# [DESCRIPTION OF THE TASK]
In the data below, begin at the line with "Nouilles royales - Product - fr" and stop after the line with "Литература для детей"; output those lines exactly and no pictures.

# [RECORDS FOR THIS EXERCISE]
════
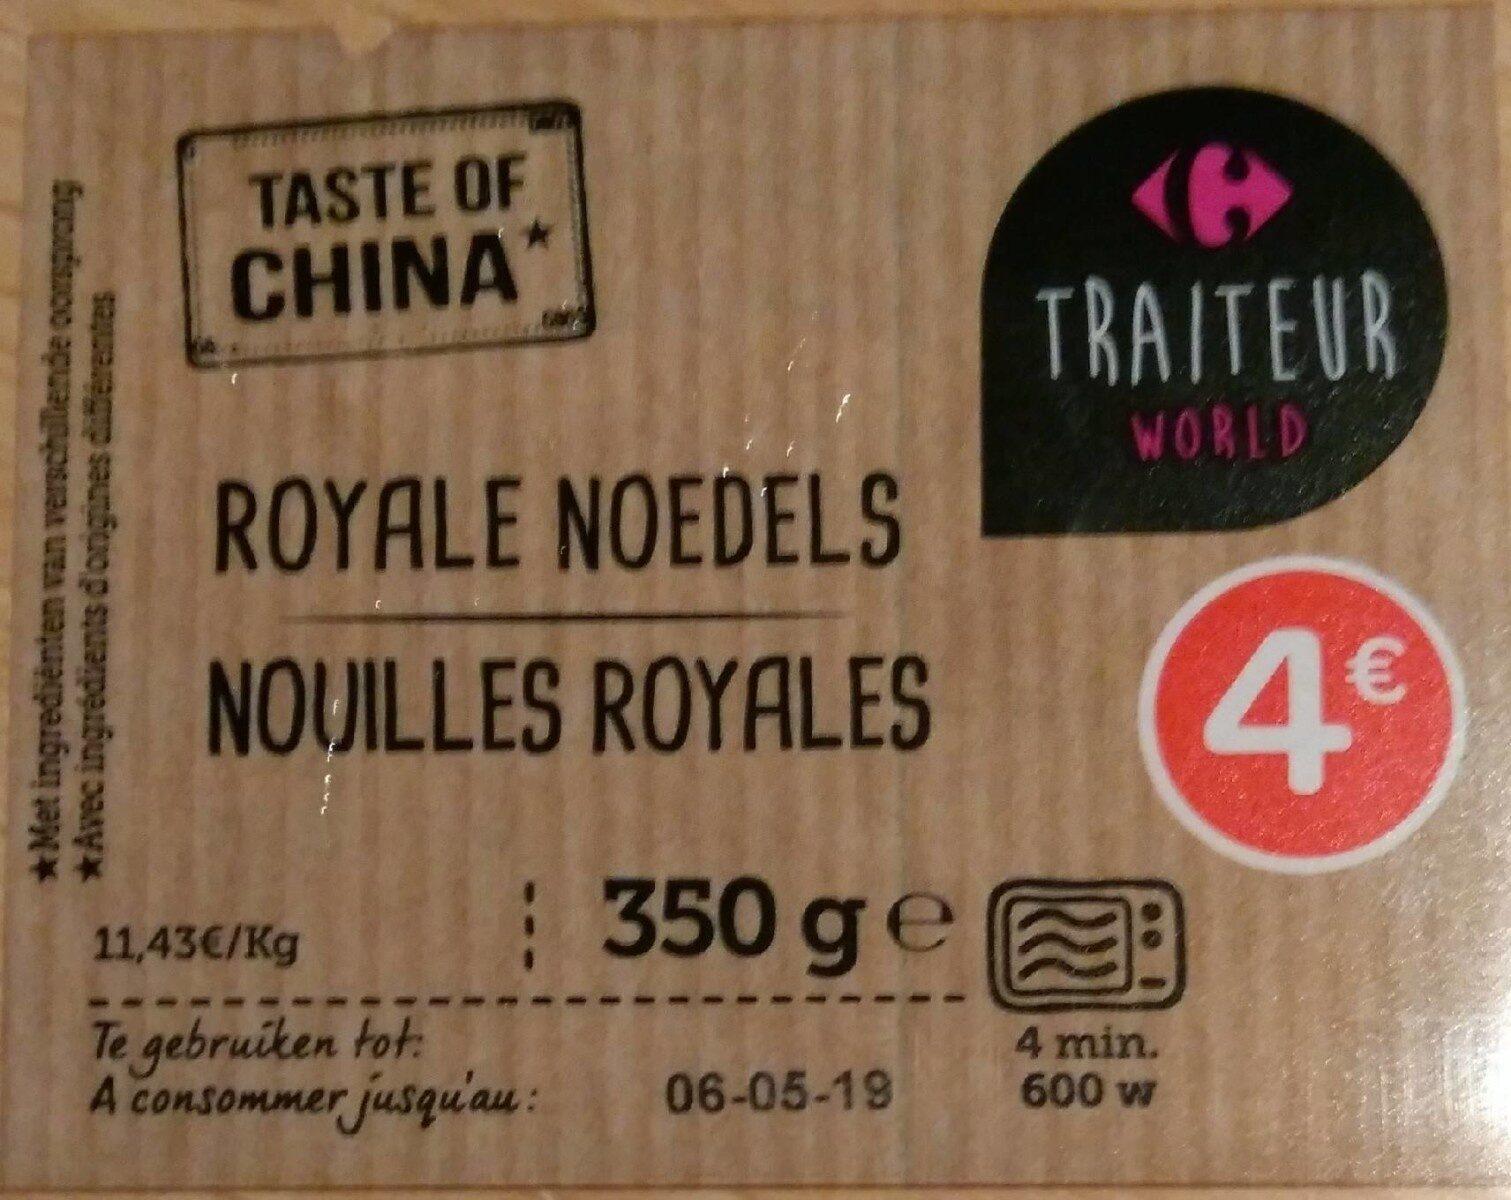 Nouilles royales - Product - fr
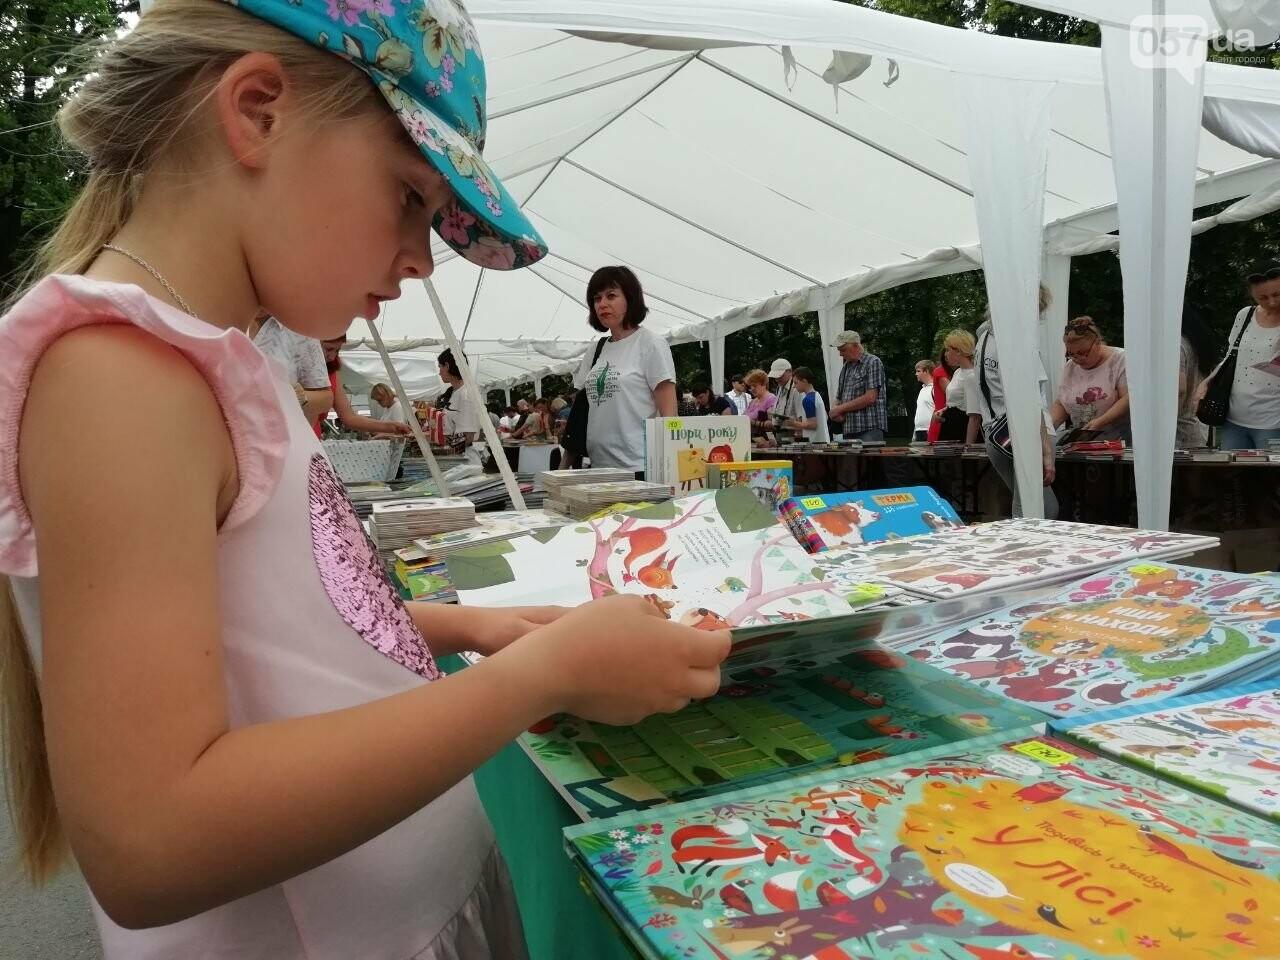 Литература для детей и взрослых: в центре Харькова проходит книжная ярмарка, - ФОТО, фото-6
════
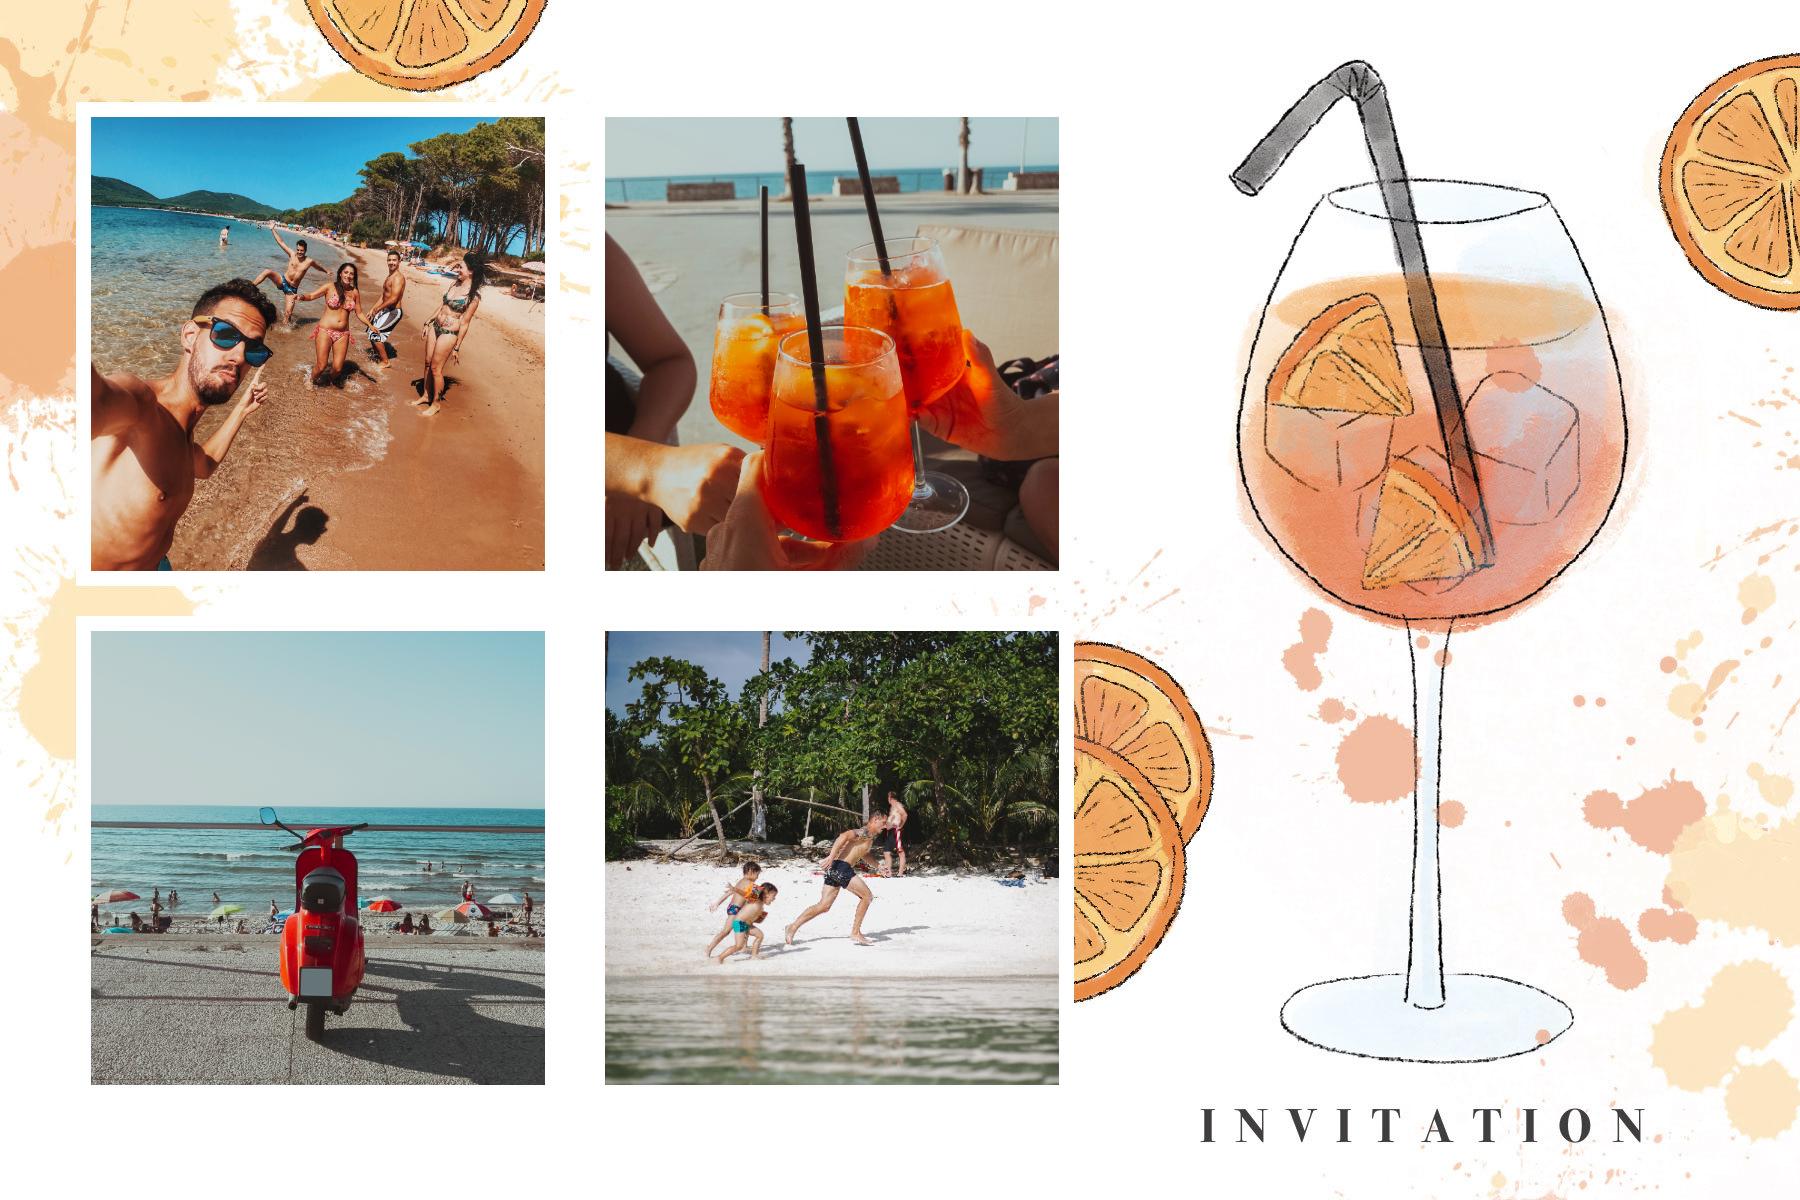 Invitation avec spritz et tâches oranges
════
# [SOLVED EXERCISE]
 Nouilles royales - Product - fr
 Литература для детей и взрослых: в центре Харькова проходит книжная ярмарка, - ФОТО, фото-6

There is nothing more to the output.